Abstract: We show that tensor analogues of many problems that are readily computable in the matrix (i.e. 2-tensor) case are NP hard in both the traditional Cook-Karp-Levin sense and the Blum-Shub-Smale sense, making SDP relaxation an attractive, if not inevitable, alternative. The problems include: computing a best rank-1 approximation, the singular values/vectors, or the spectral norm of a 3-tensor; computing the eigenvalues/vectors of a symmetric 3-tensor; determining the feasibility of a system of bilinear equations or solving such a system in either an exact or least-squares sense.
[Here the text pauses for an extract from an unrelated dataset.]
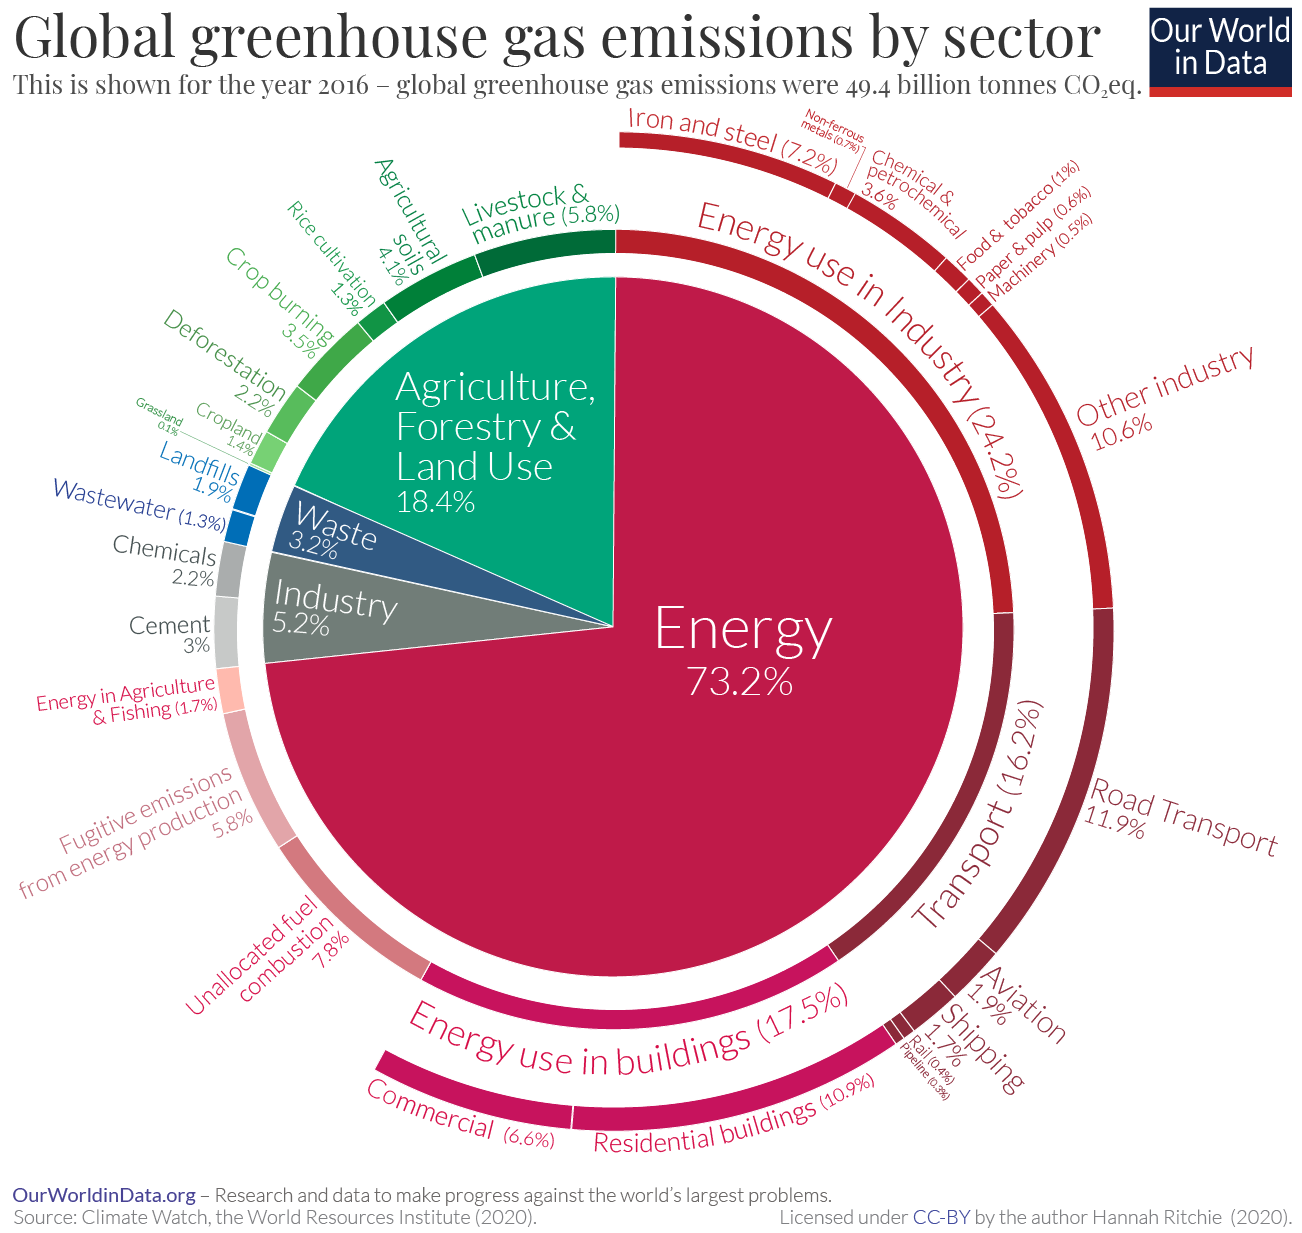 Source: Climate Watch, World Resources Institute

These extend Hastad's result on the NP-hardness of computing tensor rank to other natural tensor problems.
  
Title: Duality in the Positive Semidefinite Matrix Completion and Its Application to SDPs
 Presenting Author: Masakazu Kojima,Tokyo Institute of Technology, Dept. of Math & Comp Sci, 2-12-1-W8-29 Oh-Okayama Meguro, Tokyo, Japan, kojima@is.titech.ac.jp
 
Abstract: We present a necessary and sufficient condition for a sparse and symmetric matrix A to be positive semidefinite as a dual approach of the positive semidefinite matrix completion method. Here we assume that the sparsity pattern of A is characterized with a chordal graph G(N,E). The ith row or ith column of A corresponds to the node i in N, and nonzero (i,j)th element of A to the edge (i,j) in E. We also discuss how the condition can be utilized for exploiting the sparsity of linear and nonlinear SDPs.